▸ Exercise directions: Full transcription, minus images: write out the listing below exactly as it appears.

▸ Data shown:
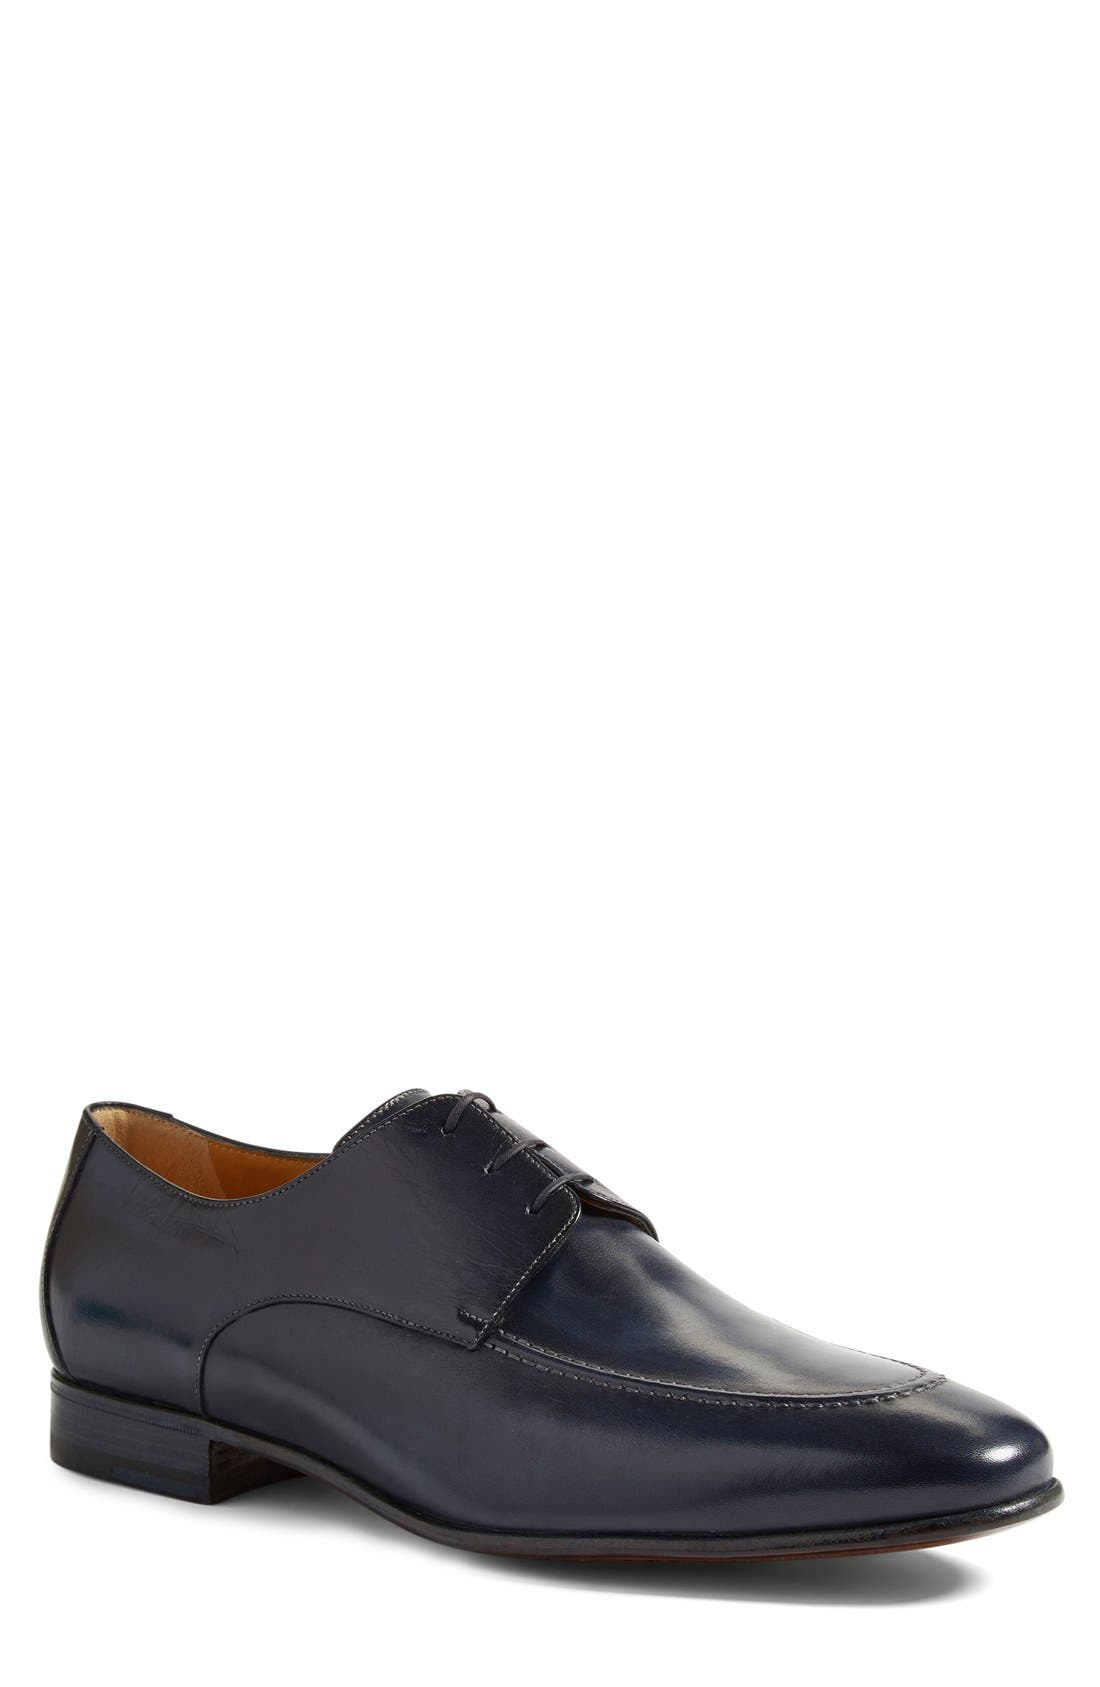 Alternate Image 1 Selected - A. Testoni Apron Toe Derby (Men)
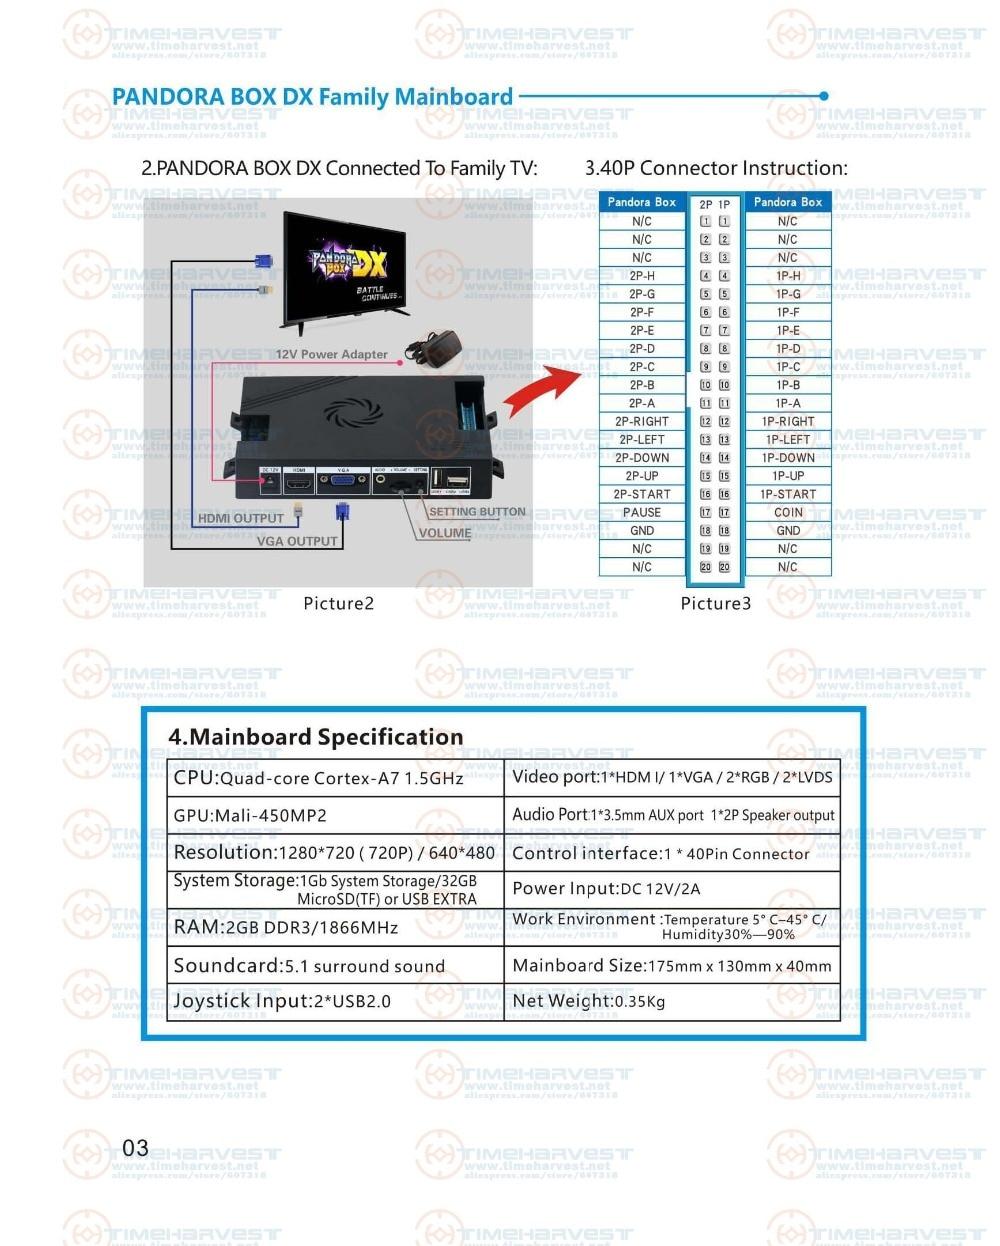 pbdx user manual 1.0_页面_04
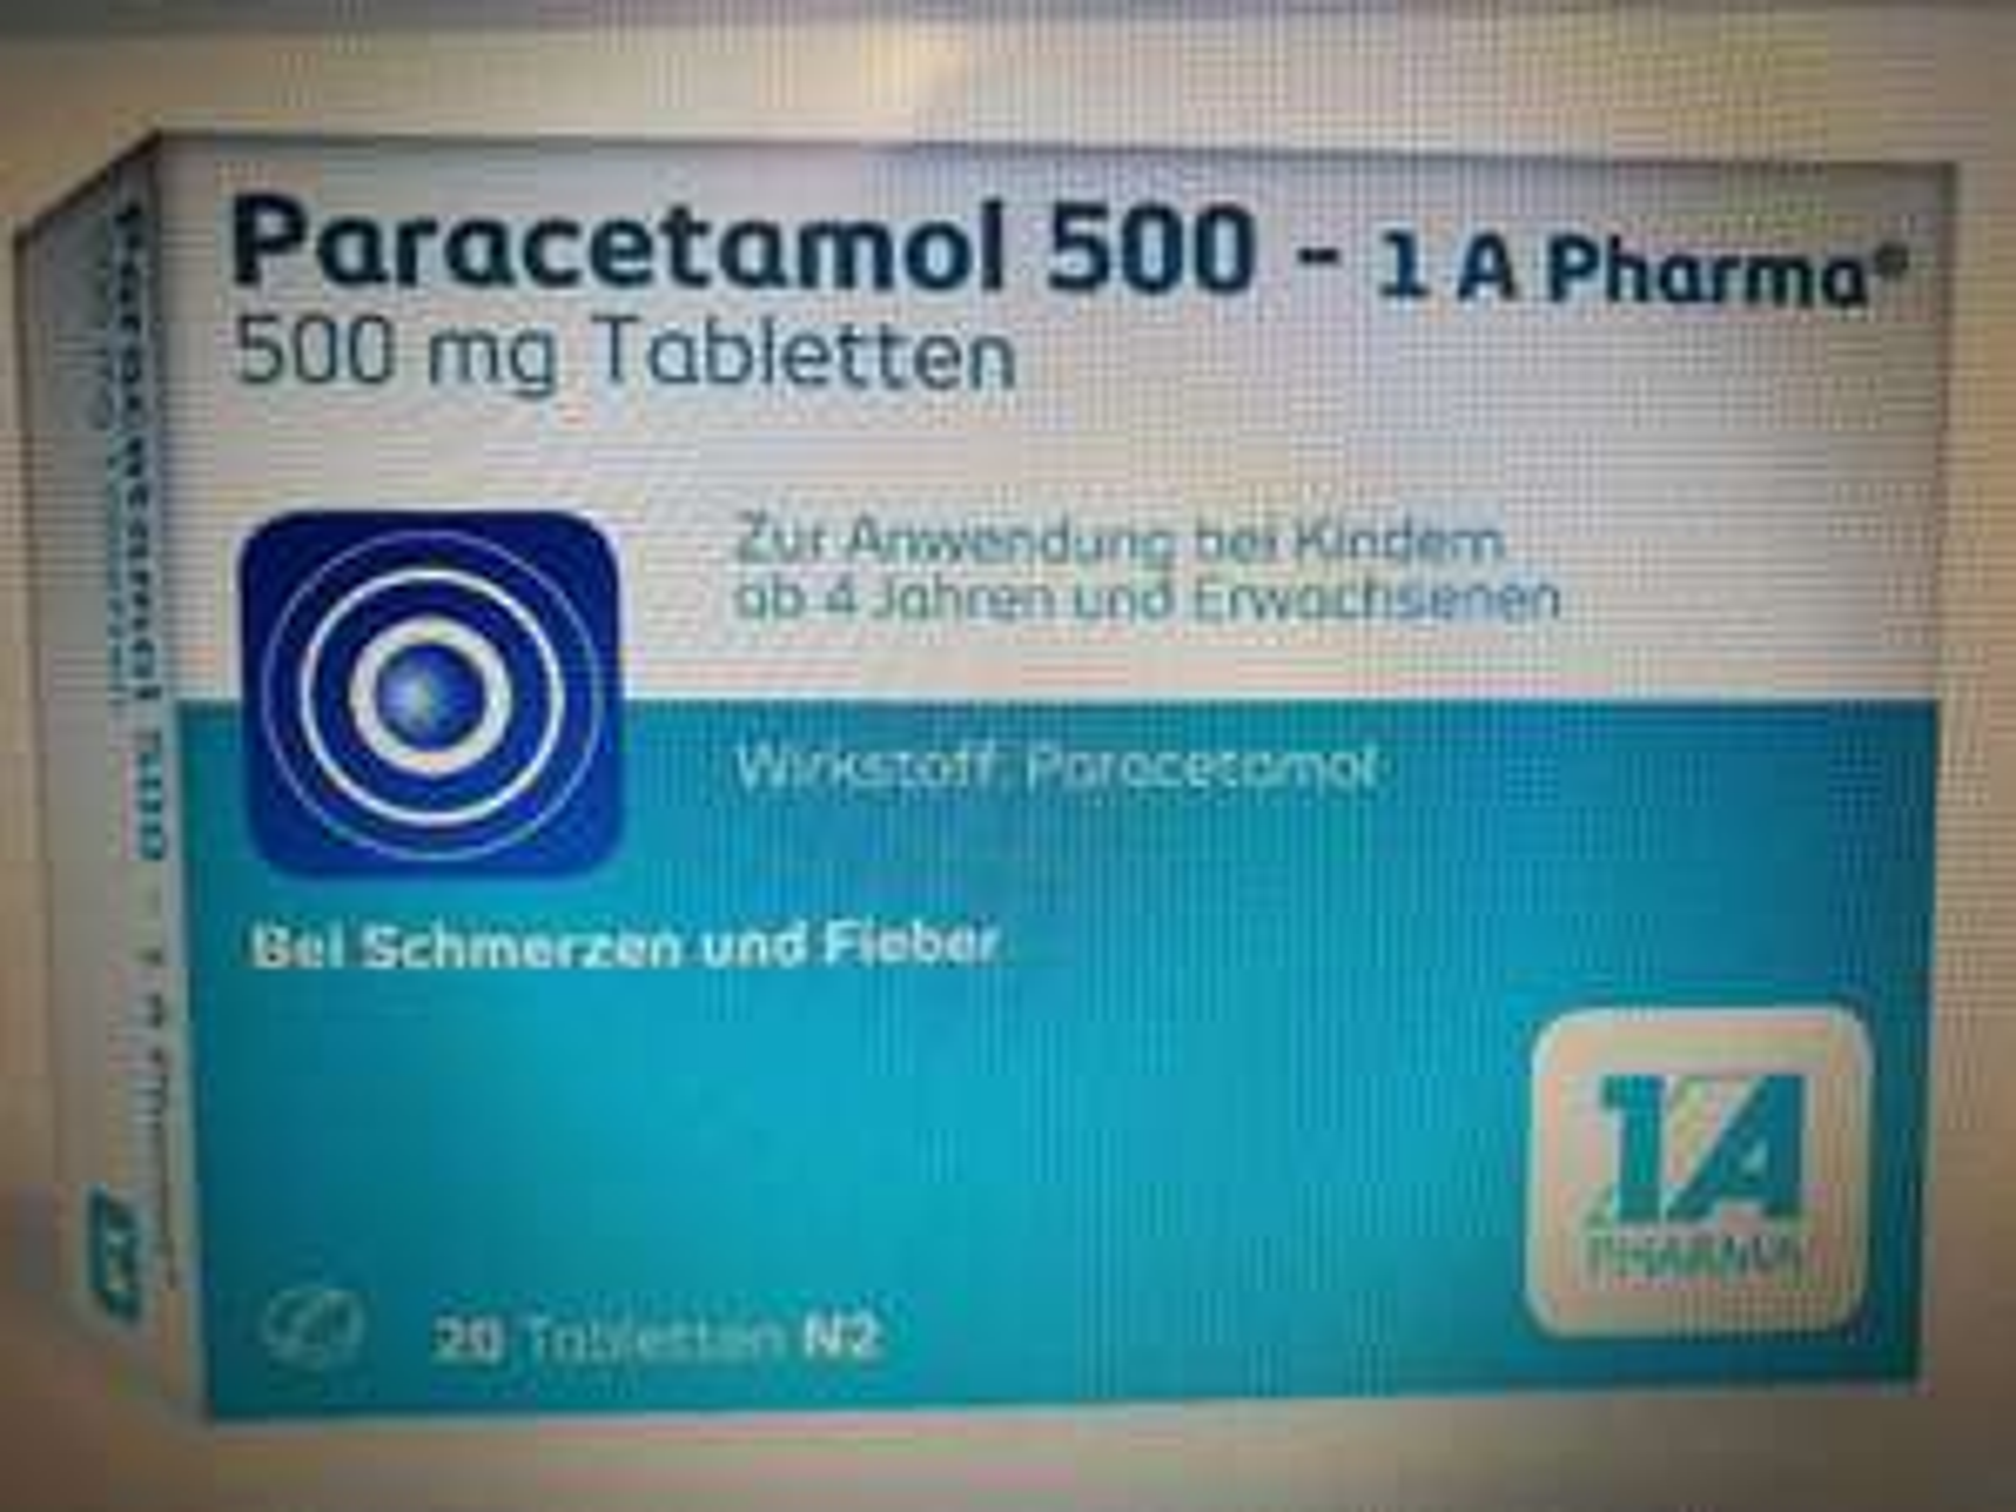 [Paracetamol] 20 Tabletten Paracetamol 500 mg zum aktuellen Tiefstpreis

▸ Response to the task:
 Alternate Image 1 Selected - A. Testoni Apron Toe Derby (Men)
 pbdx user manual 1.0_页面_04
 [Paracetamol] 20 Tabletten Paracetamol 500 mg zum aktuellen Tiefstpreis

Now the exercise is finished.